No. We specifically did not want that, because it's so unclear what it
means to say "the RHS it would have right before phase 0". The idea with
INLINE is that you ''know'' exactly what will get inlined, namely the
source code of the definition. That was the big change with the new
INLINE story.
> I was under the impression that GHC would inline into unfoldings as long
as it didn't affect phasing. Has that changed?
Only invisibly. If you write `INLINE[1]`, then it's OK for GHC to
optimise the rhs-to-be-inlined with phase=1 (only). Not phase=2, nor
phase=0, because both would change the above semantics of INLINE. But
while its OK to optimise the rhs-to-be-inlined with phase=1, it's not
necessary, and it complicated things, so I took it out again.

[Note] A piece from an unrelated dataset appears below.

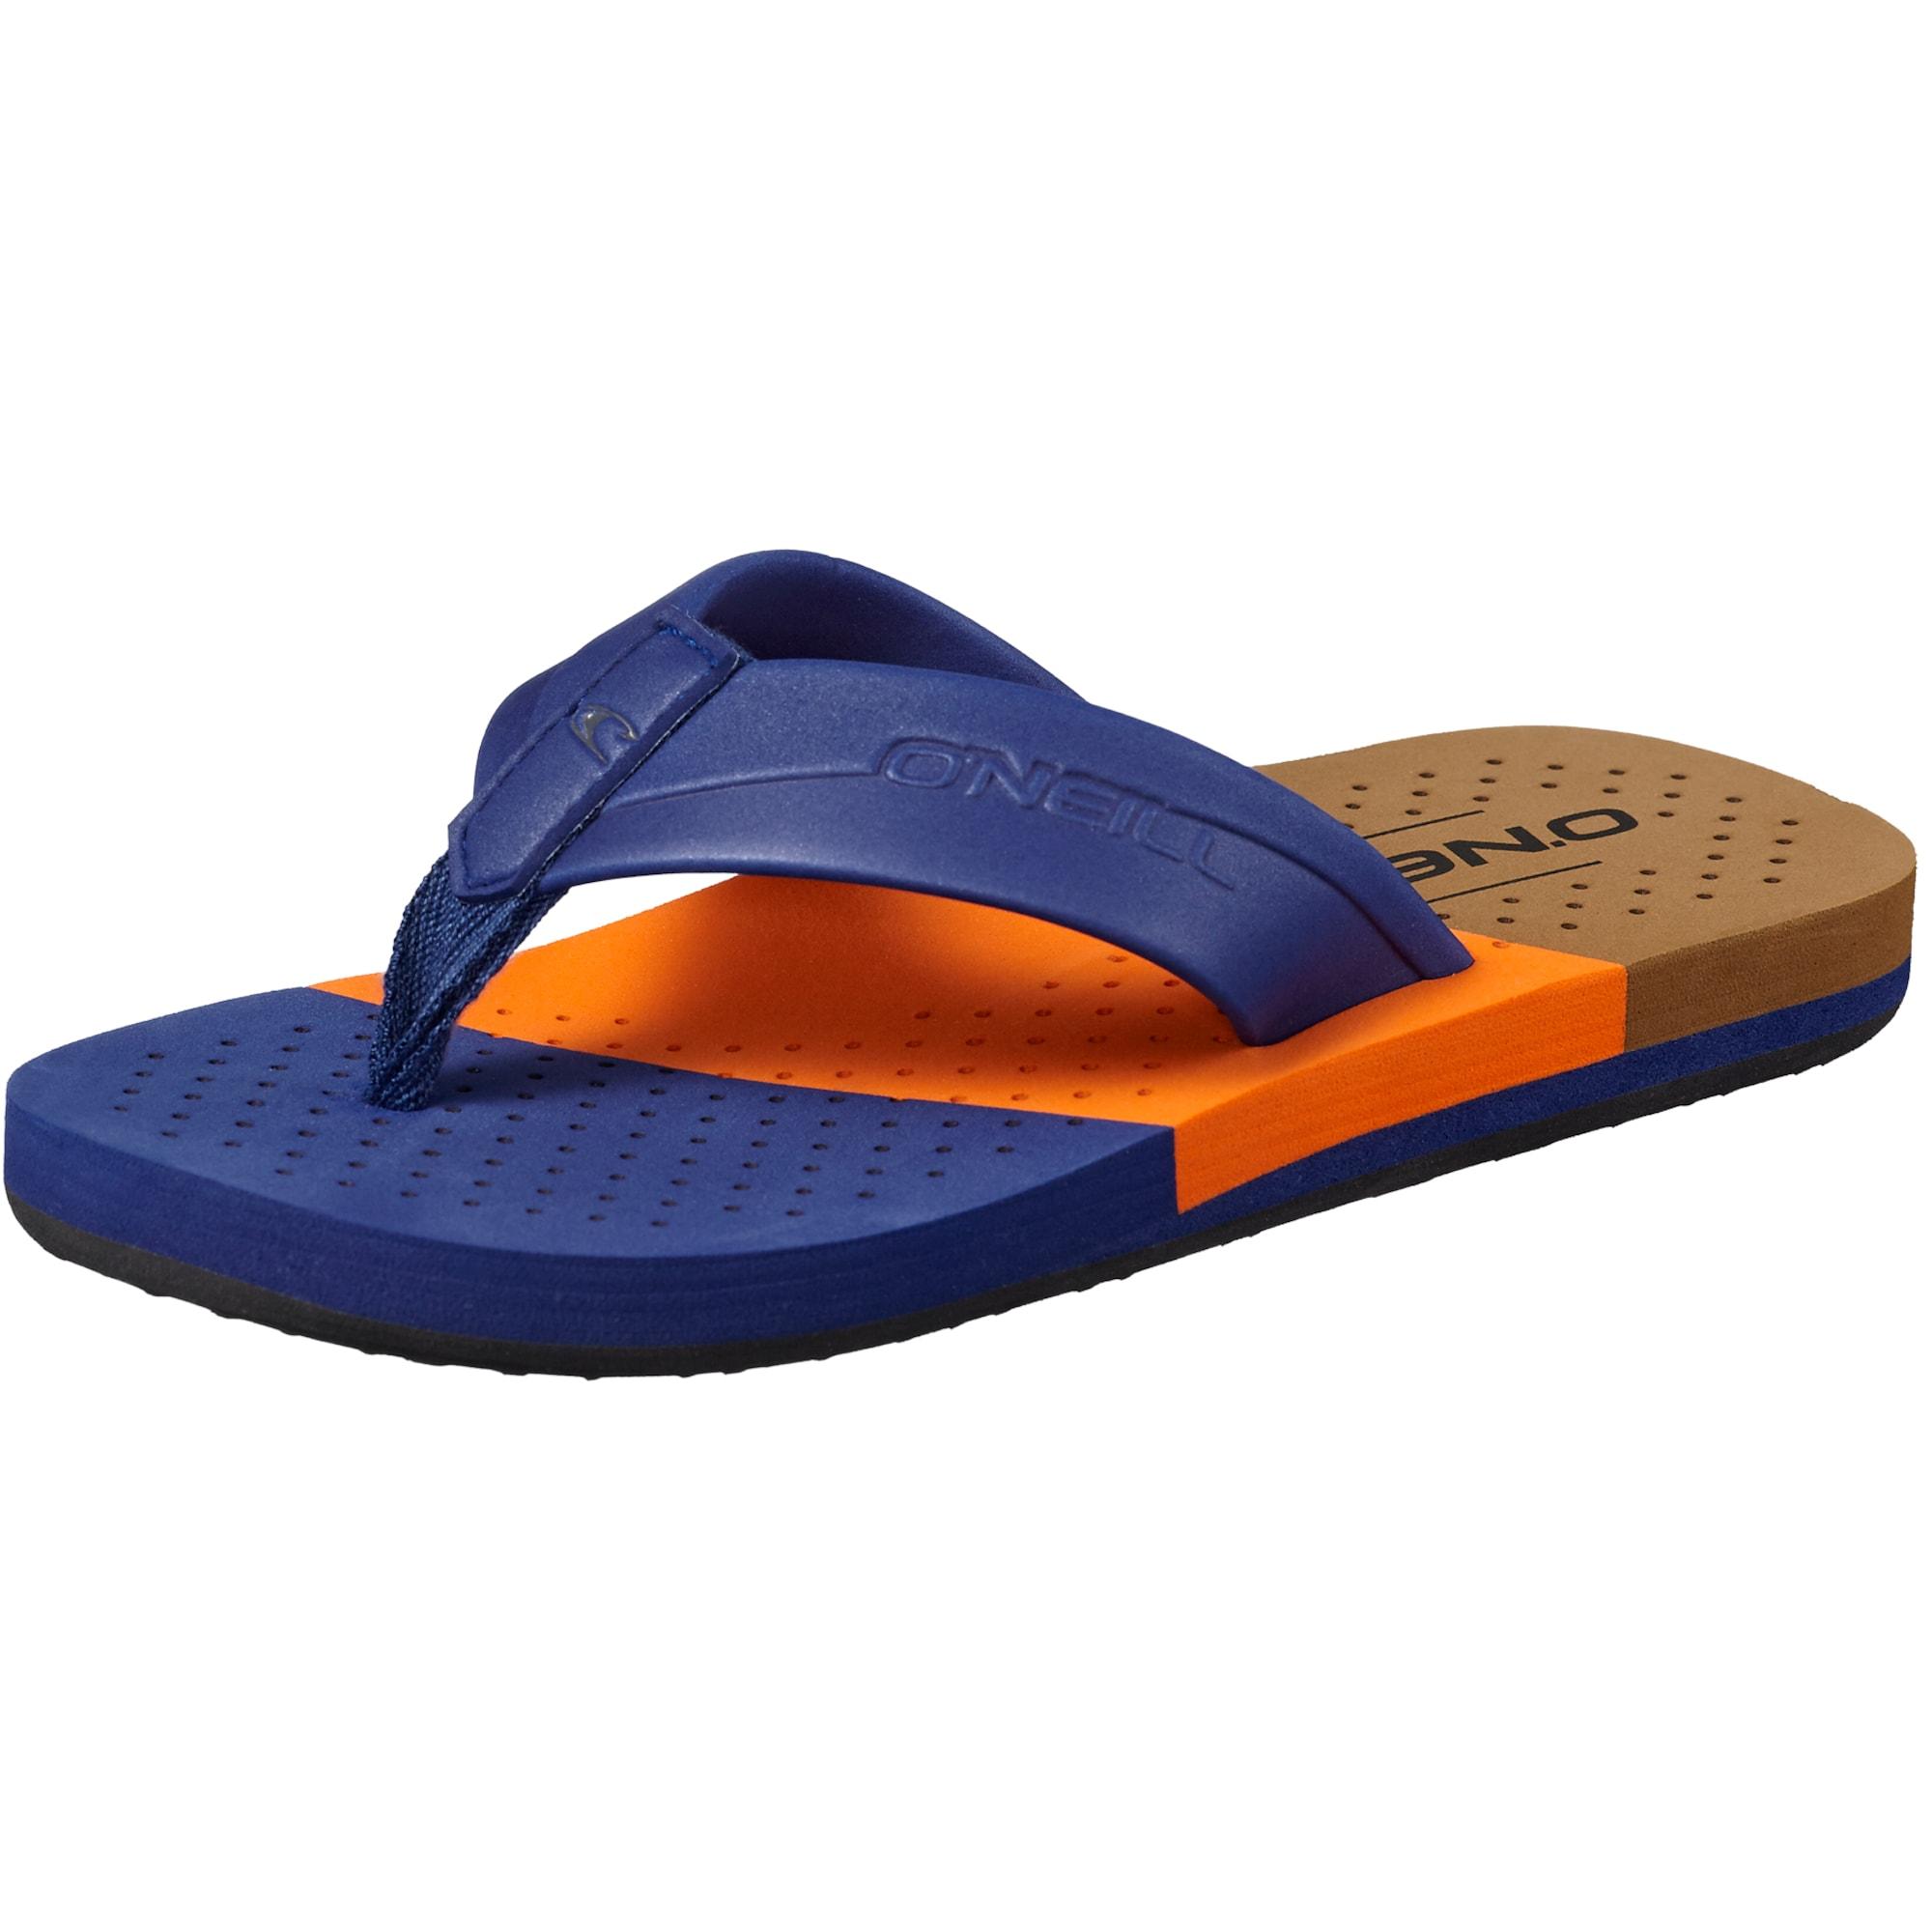 Schuhe ´FB CALI BLOCK FLIP FLOPS´

> Anyway, the biggest problem is that local `INLINE` functions are
optimised twice (the rhs and the unfolding after it's been inlined) and
usually the rhs is just thrown away so it's completely wasted work. For
DPH/vector programs, this leads to significantly longer compile times.
That seems to be an inherent problem with keeping a template to inline
separate from the main body of the function.
Let's review what you are trying to acheive. In your example, the key
point is that in compositions of `map` all the `step` functions get fused
together.
{{{
mapM f (mapM g (Stream step1 s1 n1)
= mapM f (Stream step2 s n)
where
step2 s = ...step1...g...
= Stream step3 s n
where
step2 s = ...step1...g...
step3 s = ...step2...g...
}}}
Now you want `step2` to inline into `step3` so that they can fuse, and so
that f and g meet up and can fuse. (However you don't want `step3` to
inline into `(Stream step3 s n)` because `Stream` is a data constructor.)
Are you saying that you don't want this fusion of the `step` functions to
take place until phase 0? If so, a NOINLINE pragma would do. You don't
need to say INLINE, because there's only one occurrence of each `step`
function anyway.
Let's suppose there were multiple occurrences of `step`. You probably
don't mean "optimise as if there was no pragma, and then inline whatever
you have in phase 0". Reason: suppose f or g are gigantic. Then the
`step` functions would be gigantic, so duplicating them willy-nilly would
make gigantic code.
But you don't want to inhibit the inlining of f,g into the step functions,
because that's how f and g fuse together.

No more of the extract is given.